DATA UNDER STUDY.
—————

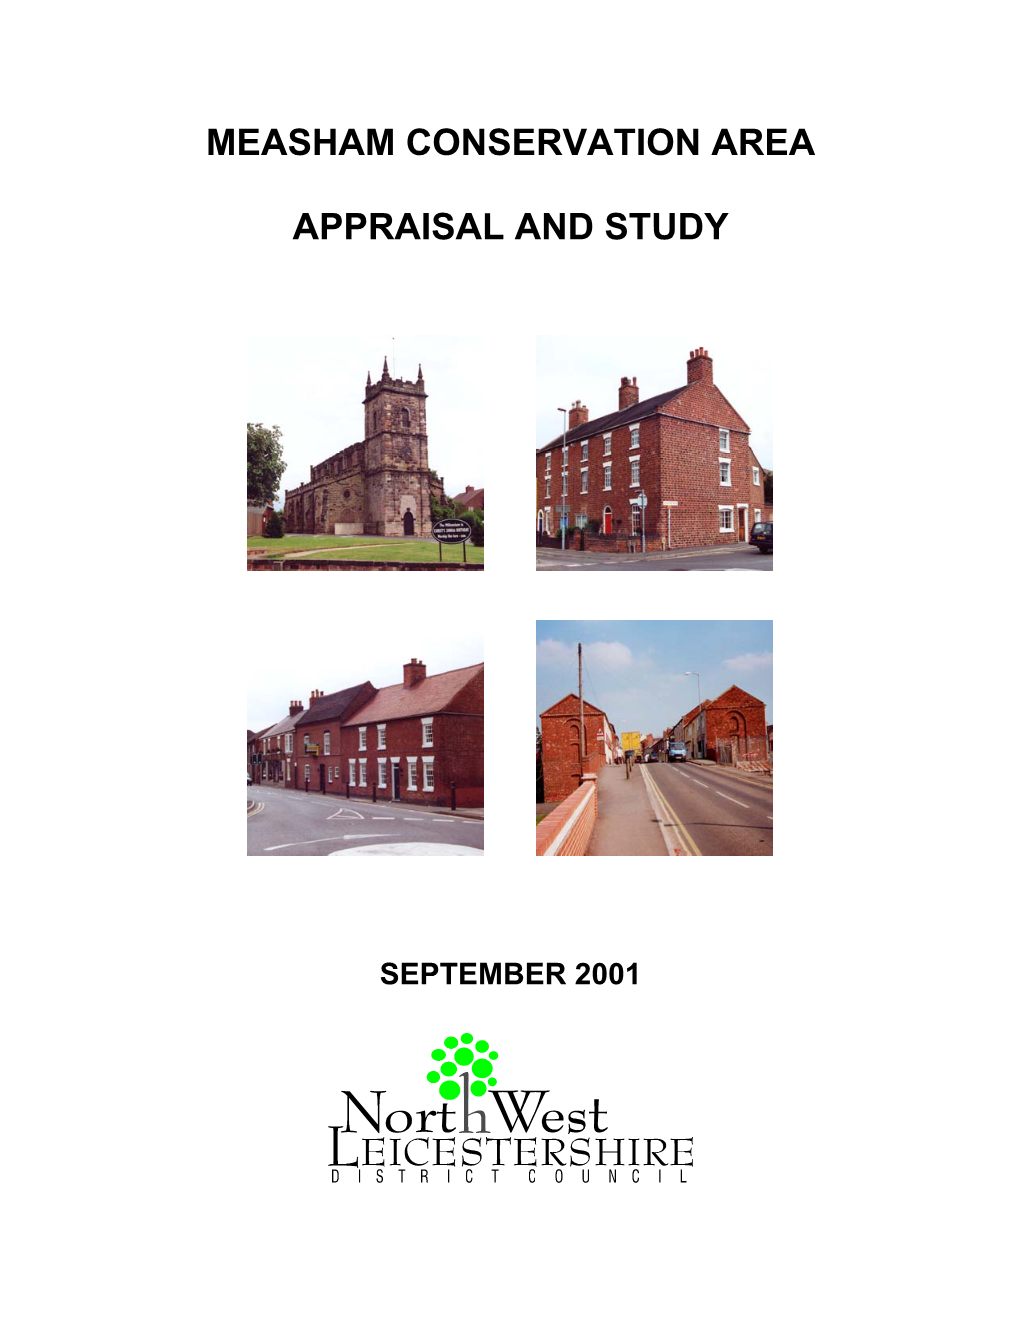 Measham Conservation Area Appraisal and Study
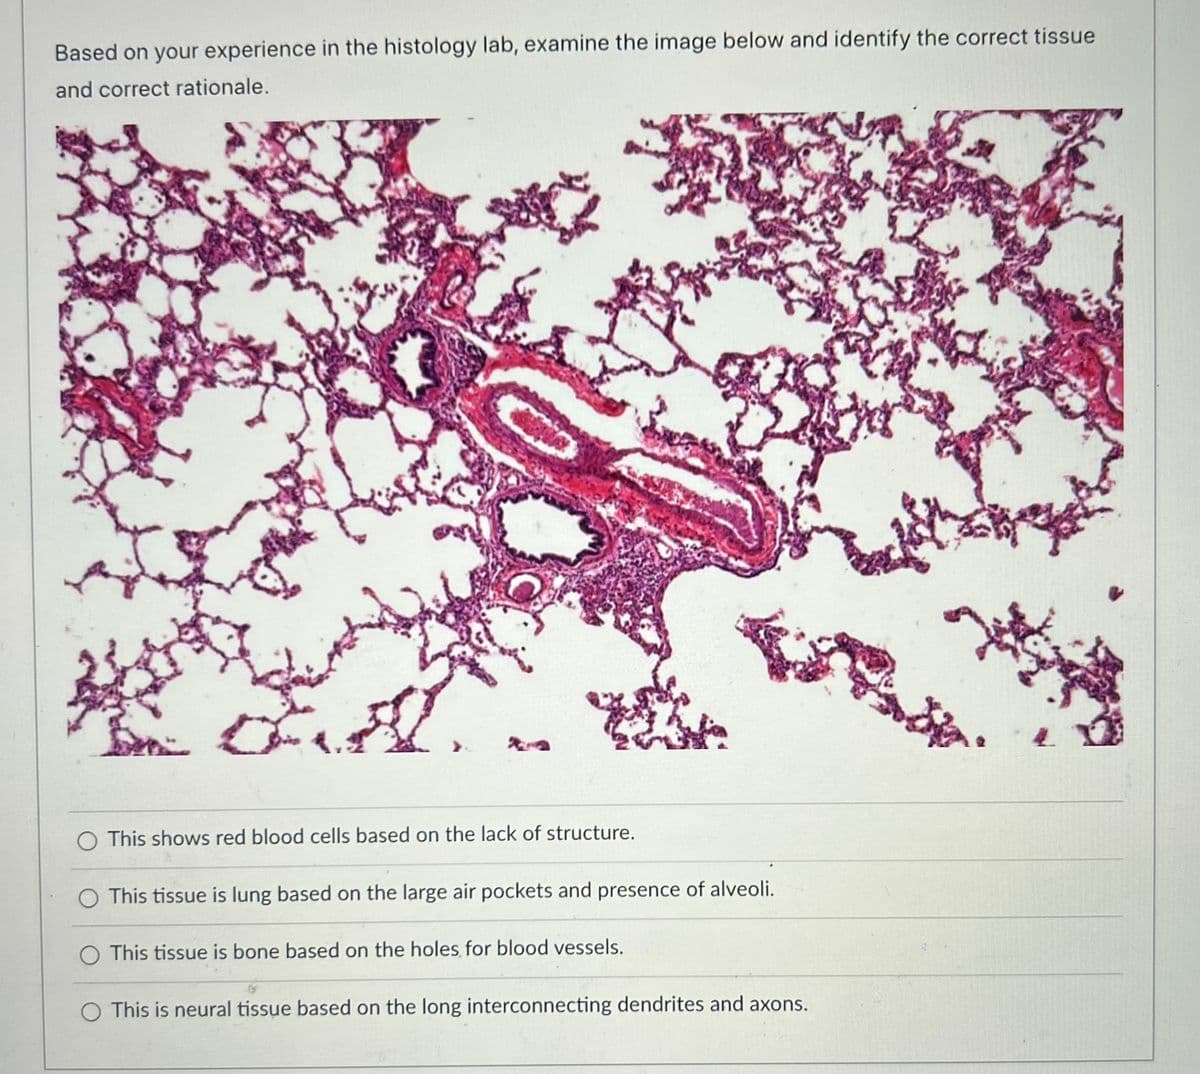 Based on your experience in the histology lab, examine the image below and identify the correct tissue
and correct rationale.
O This shows red blood cells based on the lack of structure.
O This tissue is lung based on the large air pockets and presence of alveoli.
This tissue is bone based on the holes for blood vessels.
O This is neural tissue based on the long interconnecting dendrites and axons.

—————

REQUIRED ACTION. The records above are to be repeated word for word, with the pictures omitted.

RESULT BELOW.
 Measham Conservation Area Appraisal and Study
 Based on your experience in the histology lab, examine the image below and identify the correct tissue
and correct rationale.
O This shows red blood cells based on the lack of structure.
O This tissue is lung based on the large air pockets and presence of alveoli.
This tissue is bone based on the holes for blood vessels.
O This is neural tissue based on the long interconnecting dendrites and axons.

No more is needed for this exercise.